🤖 AI Summary
To address the significant degradation in object detection performance under adverse weather conditions—such as fog and low illumination—this paper proposes an image-adaptive detection framework. The core innovation lies in a dual differentiable filter design: a Bézier-curve pixel-wise (BPW) filter for nonlinear pixel-level enhancement, and a kernel-based local (KBL) filter for spatially adaptive convolution; both are seamlessly integrated into the YOLOv3 pipeline and jointly optimized in an end-to-end trainable manner. Furthermore, we introduce a domain-agnostic BPW data augmentation strategy that requires no manual parameter tuning or scene-specific customization. Extensive experiments on multiple adverse-weather benchmarks demonstrate consistent superiority over state-of-the-art methods, achieving mAP gains of 3.2–5.8%. The framework exhibits strong generalization, robustness to diverse weather degradations, and real-time inference speed (≥23 FPS).
📝 Abstract
We propose an image-adaptive object detection method for adverse weather conditions such as fog and low-light.

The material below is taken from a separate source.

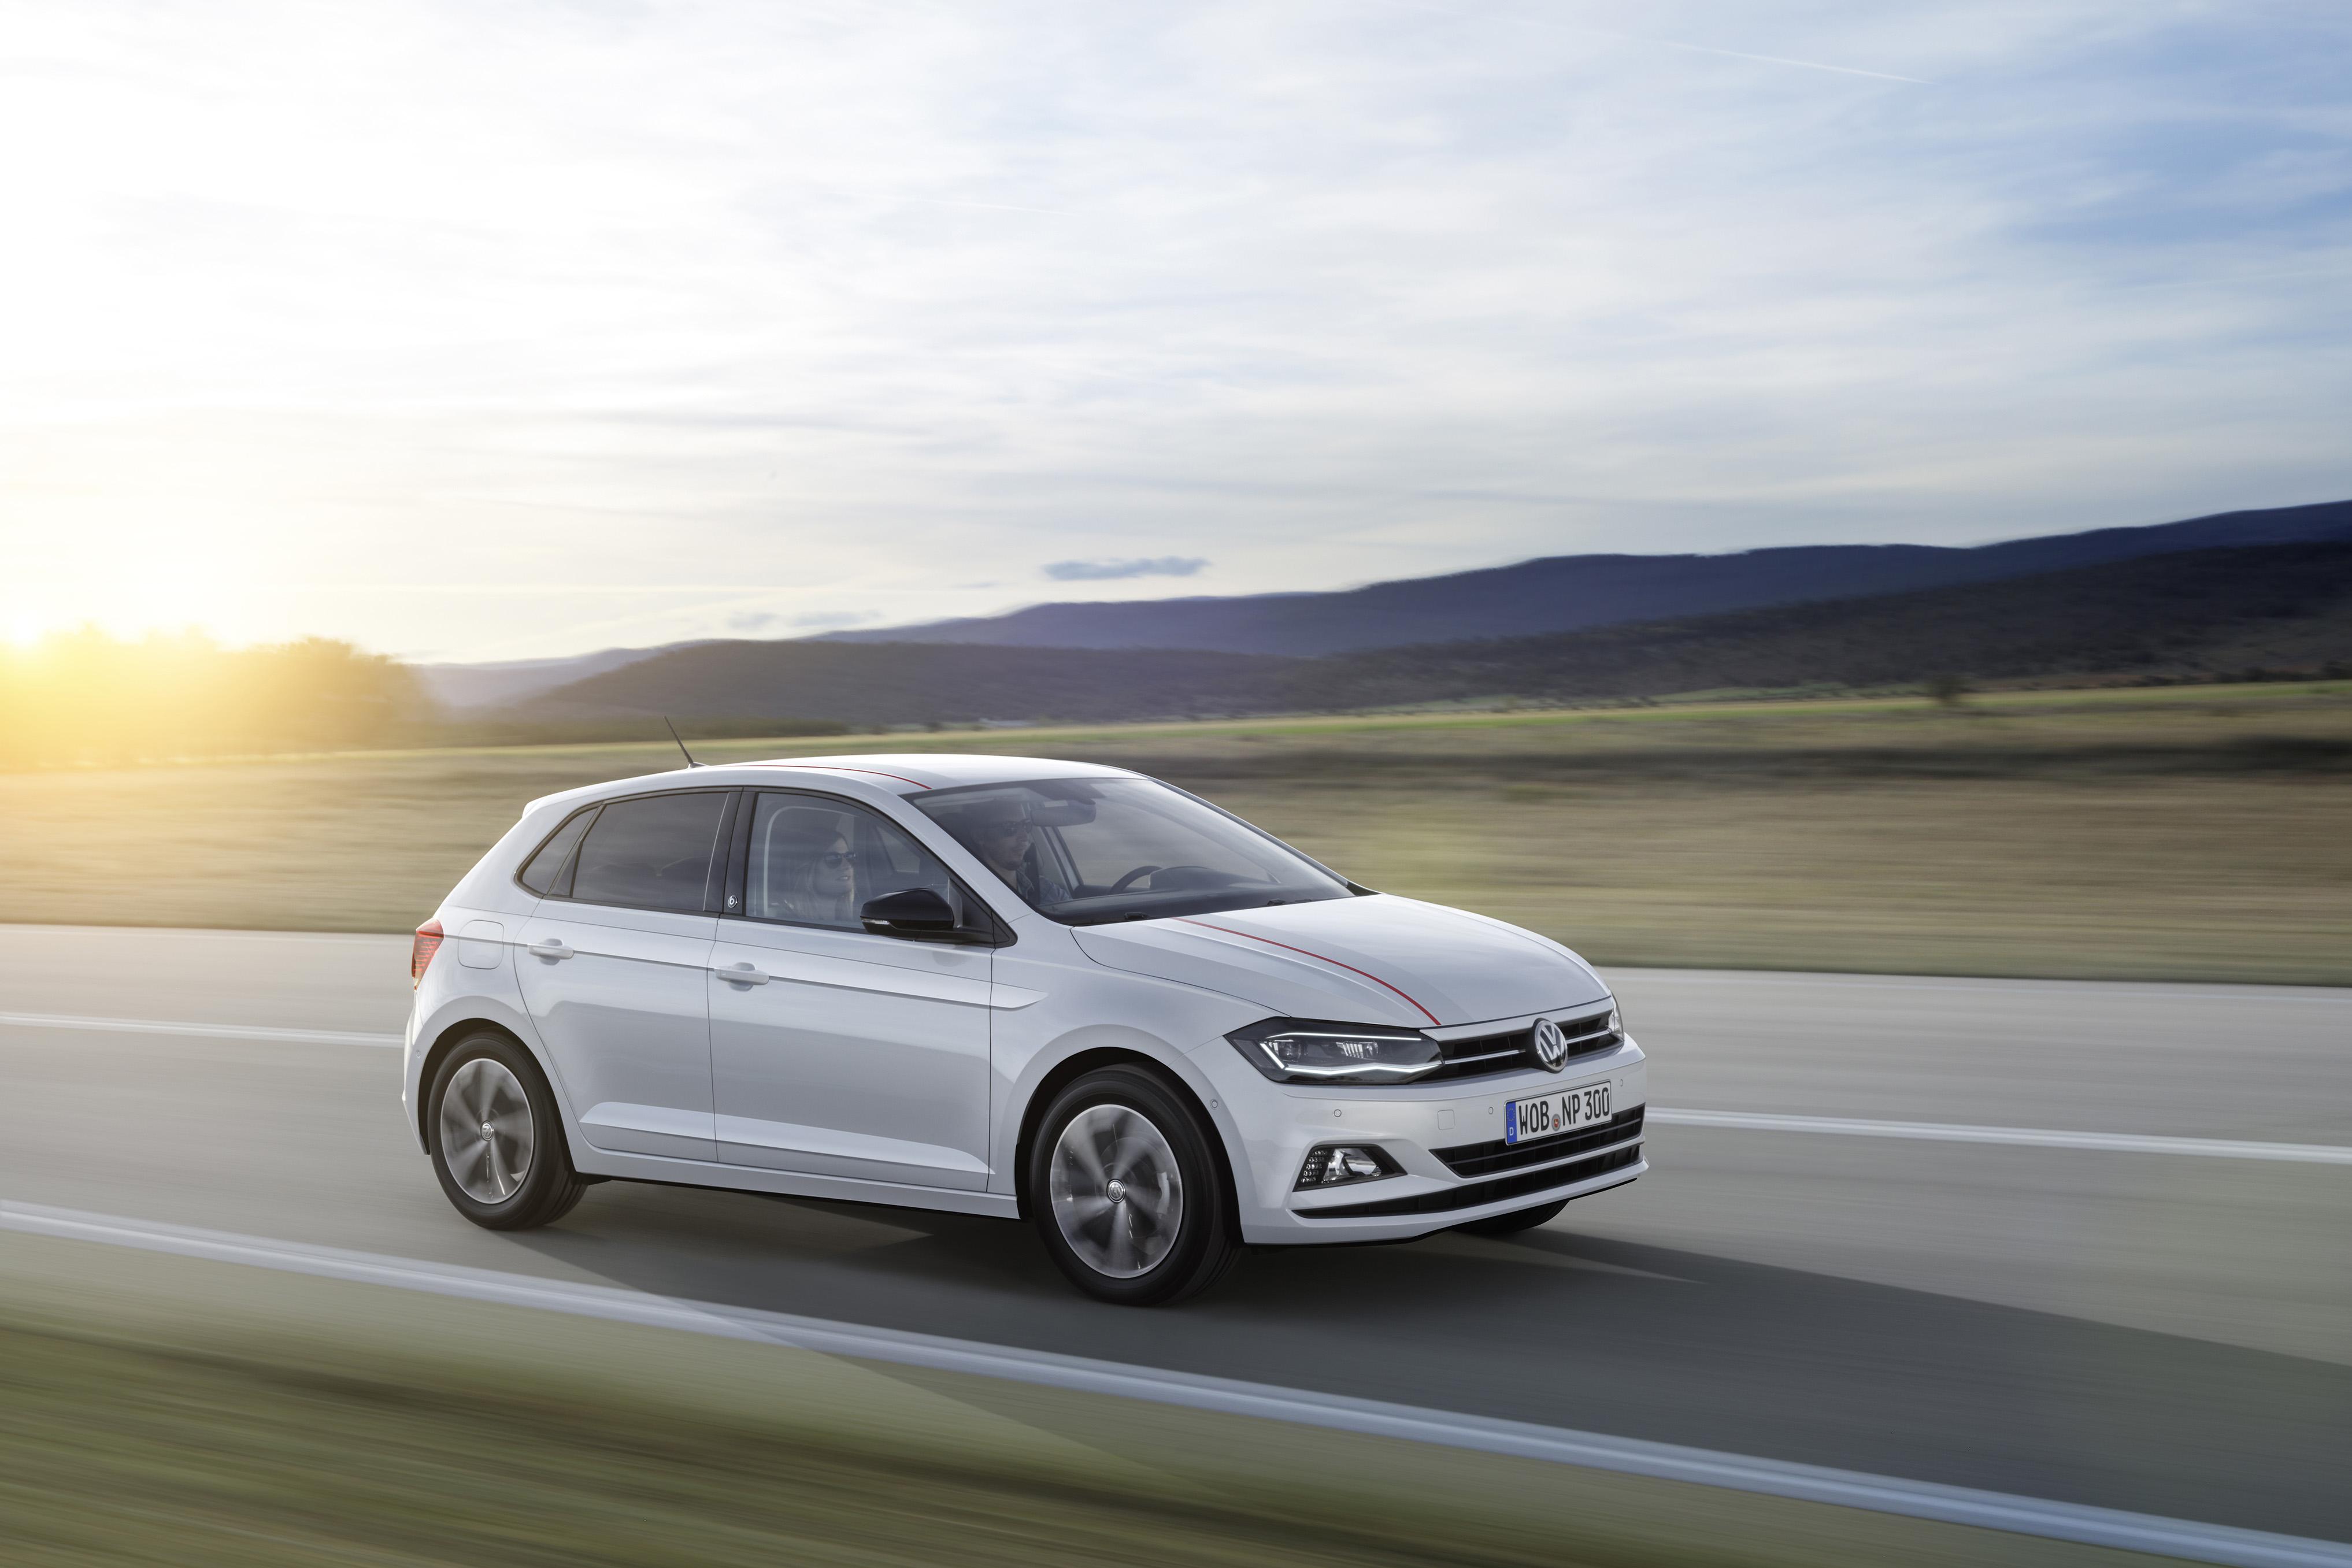 Volkswagen Polo 2018 Fot. mat. prasowe
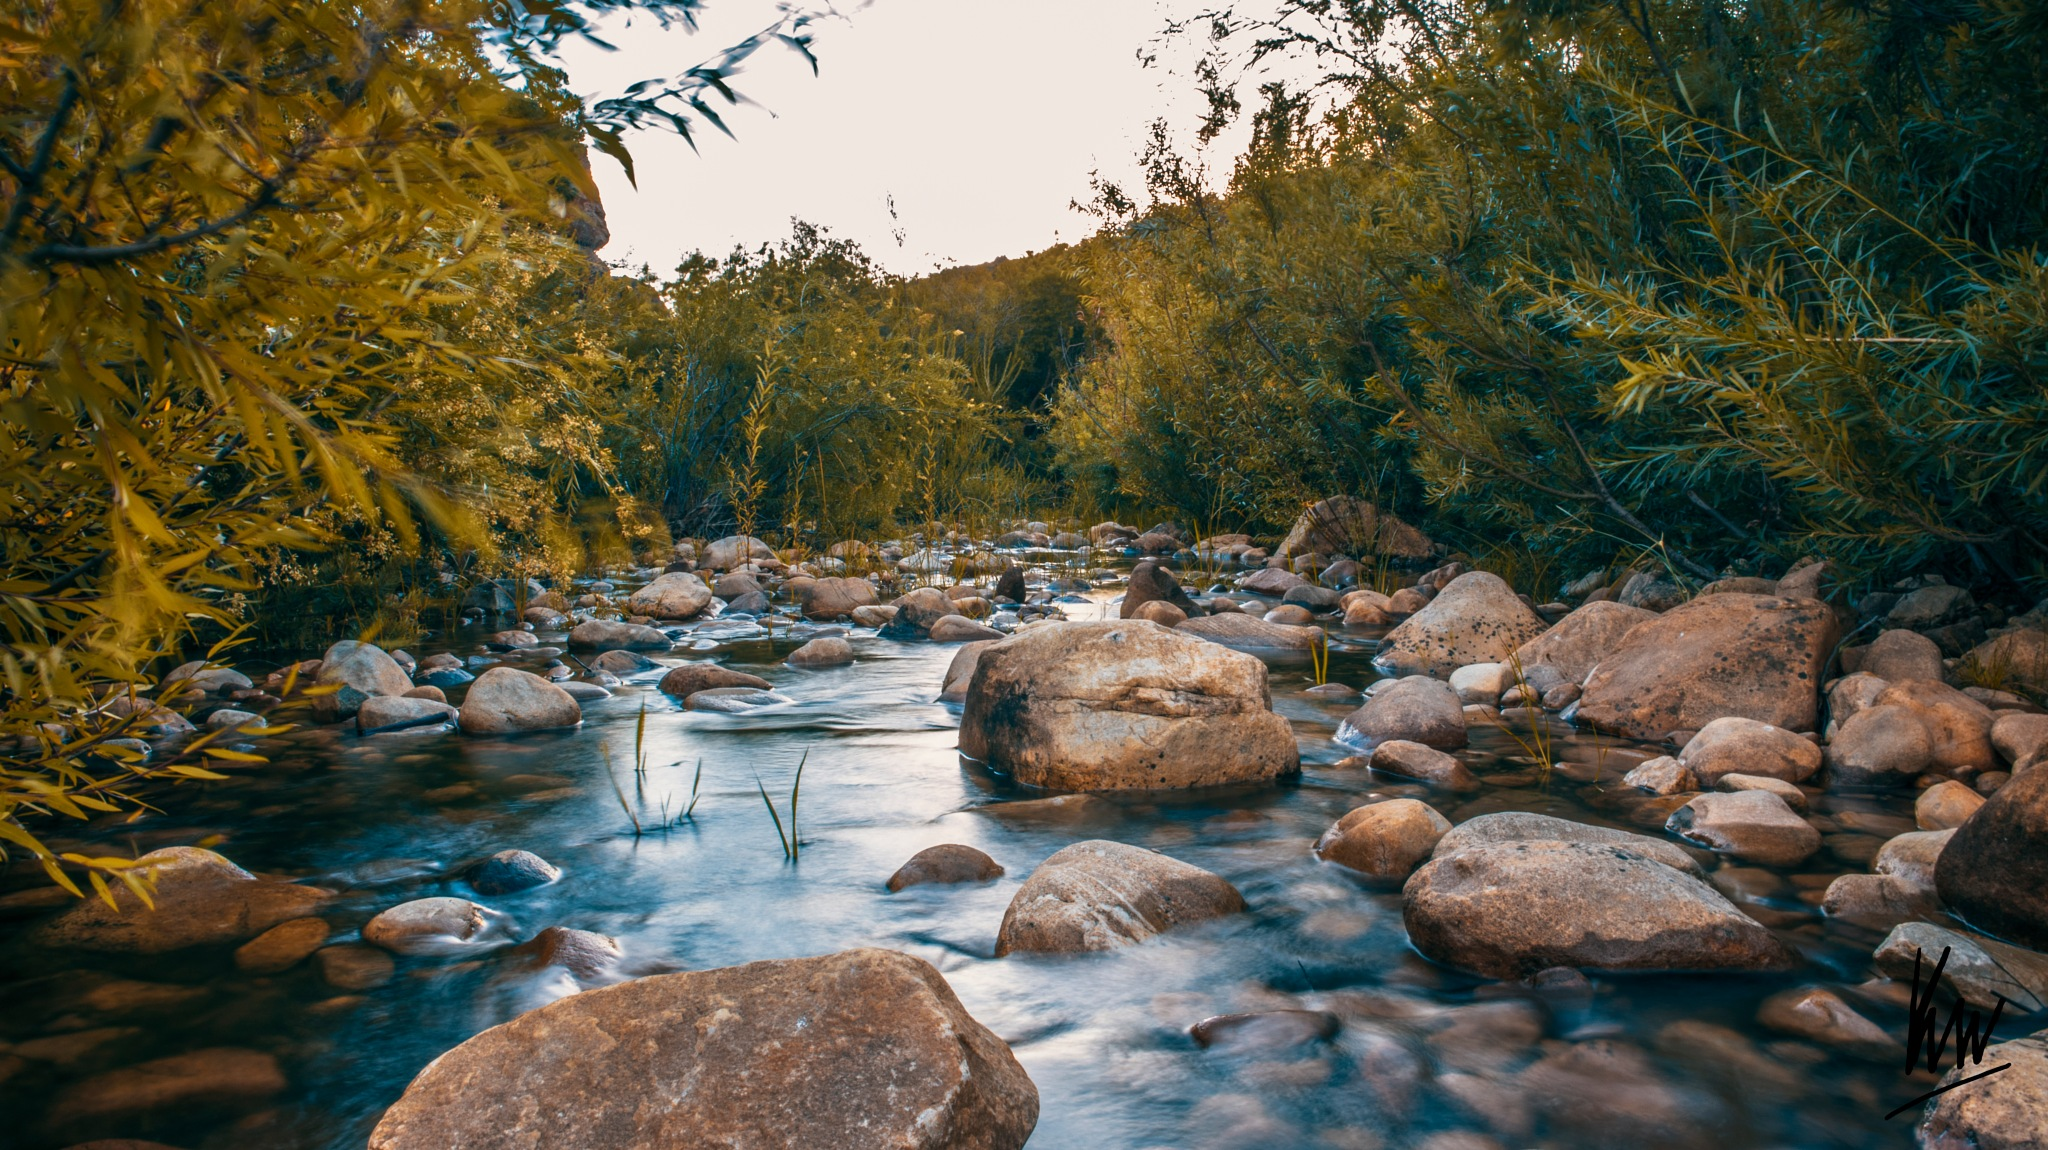 Autumn River by Ken Ward

Our framework employs differentiable preprocessing filters to perform image enhancement suitable for later-stage object detections. Our framework introduces two differentiable filters: a B'ezier curve-based pixel-wise (BPW) filter and a kernel-based local (KBL) filter. These filters unify the functions of classical image processing filters and improve performance of object detection. We also propose a domain-agnostic data augmentation strategy using the BPW filter. Our method does not require data-specific customization of the filter combinations, parameter ranges, and data augmentation. We evaluate our proposed approach, called Enhanced Robustness by Unified Image Processing (ERUP)-YOLO, by applying it to the YOLOv3 detector. Experiments on adverse weather datasets demonstrate that our proposed filters match or exceed the expressiveness of conventional methods and our ERUP-YOLO achieved superior performance in a wide range of adverse weather conditions, including fog and low-light conditions.